And like everyone else who's gone through those circuits, I've picked up a bunch of ad hoc, empirically proven knowledge about how to do these things. I know what's worked, and I know what hasn't.
But as the person helming the online systems for my studio's next major game, I thought it was a good idea to see what other people have to say about the complex art of launching a big system. Not just making it scale but the processes and practices that make it a smooth, worry-free (or as close as one can hope) launch. No sense in avoiding the wisdom of others, after all.
Here are my thoughts on a few of the books I've read recently.
The Art of Scalability - This is one of my favorites, and it's a book I'll come back to again and again. While it's light on actual technical details, it does a great job of explaining how scalability decisions are actually business decisions and how you need a culture of scalability, not just a decision to shove it all in at the end.
That sounds obvious, right? That's the other thing the book does really well: Encapsulating ideas you, like me, have probably learned on your own into nice, articulate concepts. I know about horizontal scaling, sharding, and splitting up servers based on functionality. But when they talk about their X-, Y-, and Z-axis scaling cube, it summarizes it quickly.
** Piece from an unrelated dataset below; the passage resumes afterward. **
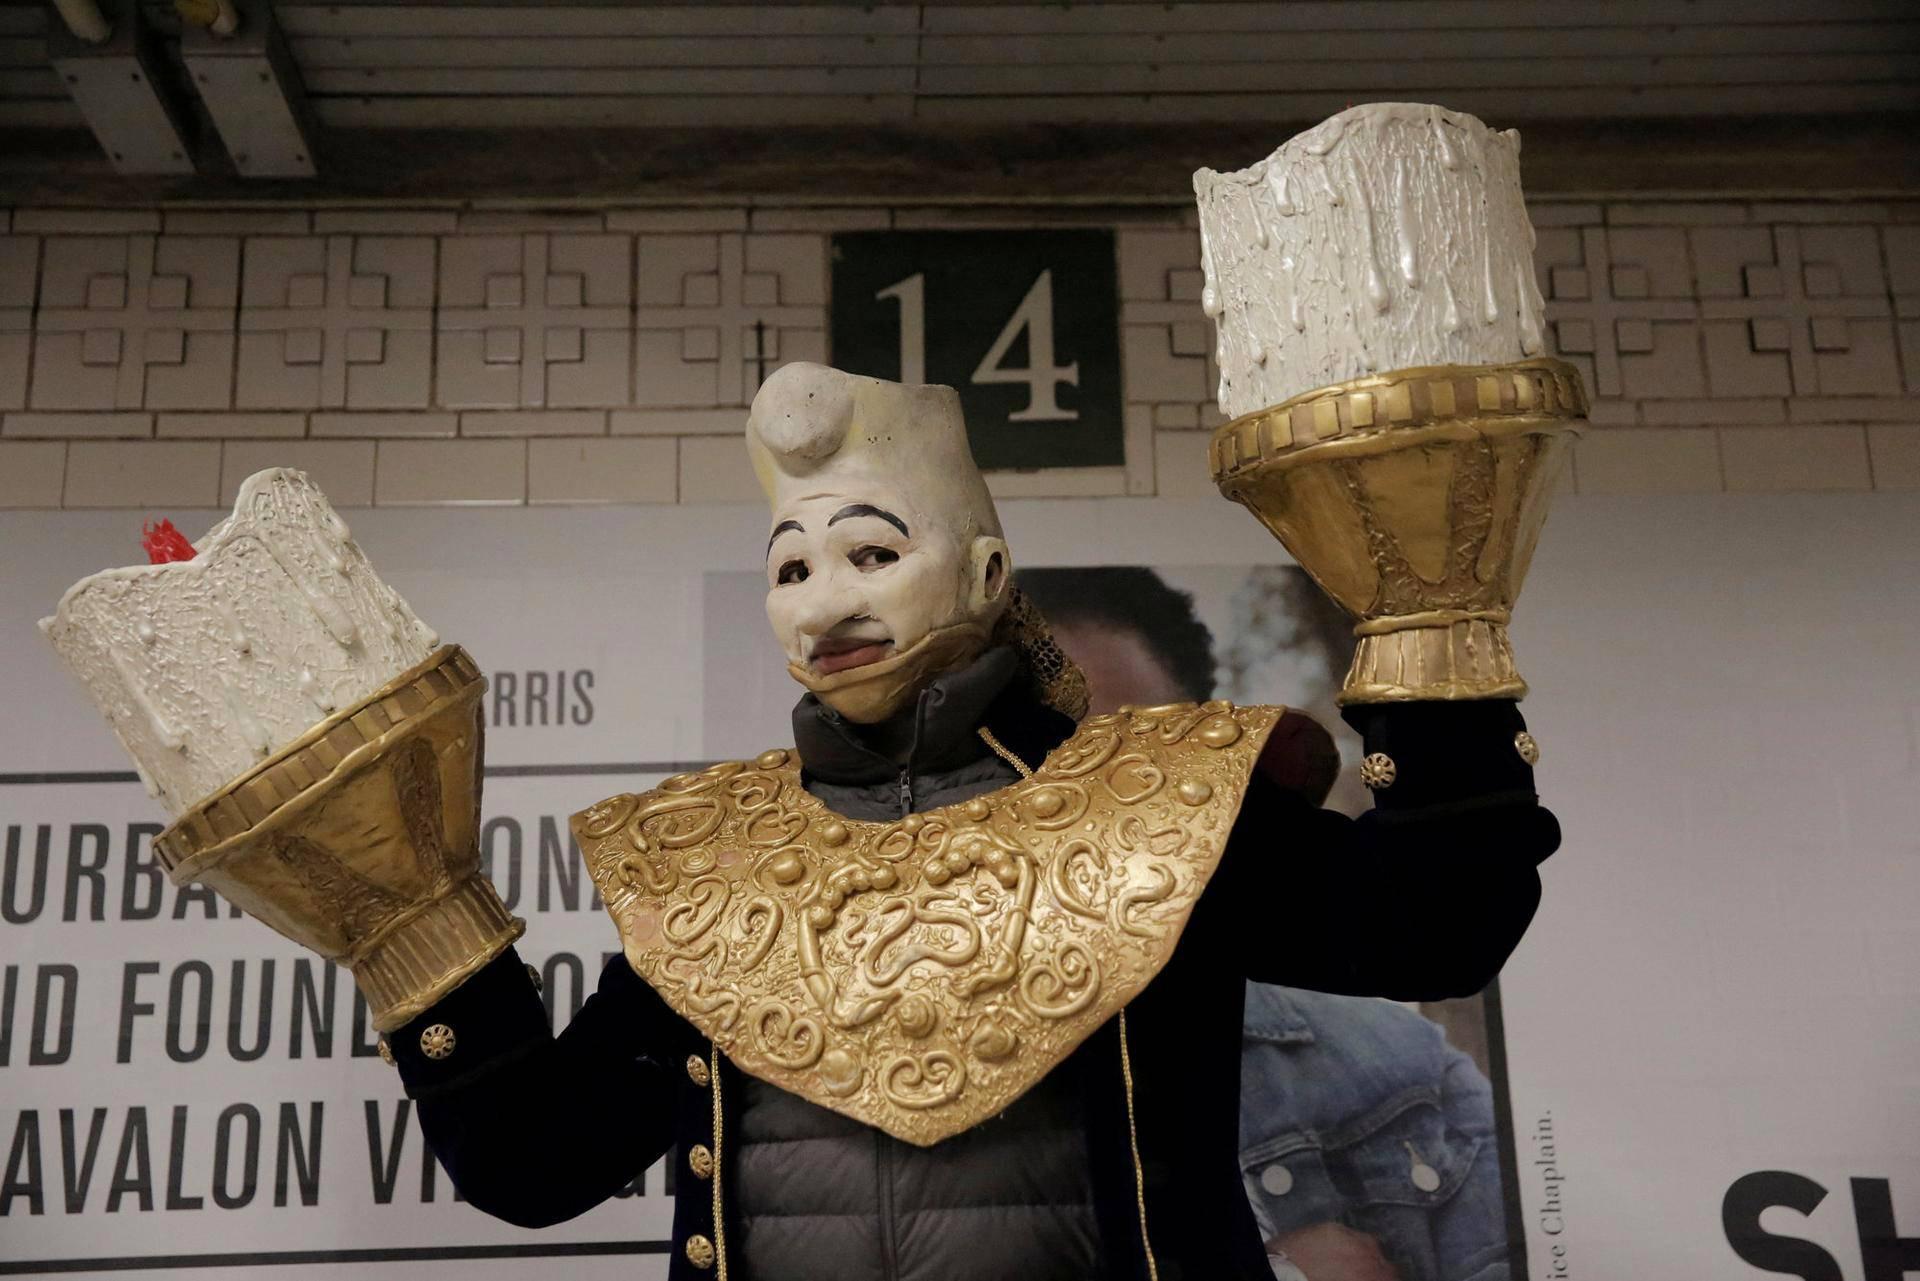 Kaunotar ja hirviö -elokuvan Lumièreksi pukeutunut matkustaja Manhattanin metrossa.

Little phrases like "technology agnostic design" and "swim lanes" become keywords that you can quickly call up when you're thinking, "Something about this doesn't sound right."
Release It! - I was scribbling down notes constantly while reading this book. This is the distilled advice of someone who's seen lots of systems work well and poorly. It's one of the few tech books that is super relevant even five years or so after it was published. (Though it merely hints at the cloud technology that has sprung up since then.)
It documents a slew of patterns and antipatterns that will have you nodding your head constantly. A lot of the topics are things that you probably kind of know if you've done a bunch of launches. But this book takes them out of the realm of intuition and into concrete knowledge, real experience, and practical advice.
Its notion that the time before launch is a comparably short time in your product's life versus the time it spends live won't necessarily apply if, like me, you work in the games industry, where years of work go into a product whose user base drops off, under normal circumstances, rather than grows. But that does not diminish the value of the text. (And I won't always be in games.)
Scalability Rules - This book is the sequel to The Art of Scalability, though perhaps companion is a better word. Whereas the authors were light on tech and heavy on business in the first book, this book is all about the technical concepts you need to launch scalable systems. Again, lots of great advice that I scribbled into my notes. (This book has more to say on cloud systems than the original, earlier book did.)
Best of all, they provide a handy list of the 50 rules in order of "amount of risk management you get" and also provide a rough guess at the amount of work. Sort by most bang for the least buck, and you'll be knocking out a few in no time.
Scalable Internet Architectures - On the other hand, if you really want technical advice, this book gets way down to the nitty-gritty. There's a lot of good info here, but it's going to be most useful if you're on the IT/operations side of the fence versus the development side. That said, his argument that you should focus on scaling down (i.e., cutting costs) as well as scaling up has become a fixture in my architecture.
Continuous Delivery - The notion of continuous delivery, which means that your software is always ready for launch, is a compelling one. The authors are basically trying to convert the seemingly inevitable tension around a production release into a ho-hum experience that most of the team probably doesn't even need to be aware of.
It sounds great, but I'm not sure how much I'll be able to apply to my day-to-day work. The authors set a high bar when they cavalierly suggest that you should have 90 percent coverage just from unit tests. I used to feel fairly good about the fact that I had 40 percent coverage from unit tests and integration tests.
Still, I definitely came out with some ideas that will make our own launches more relaxed once I implement them.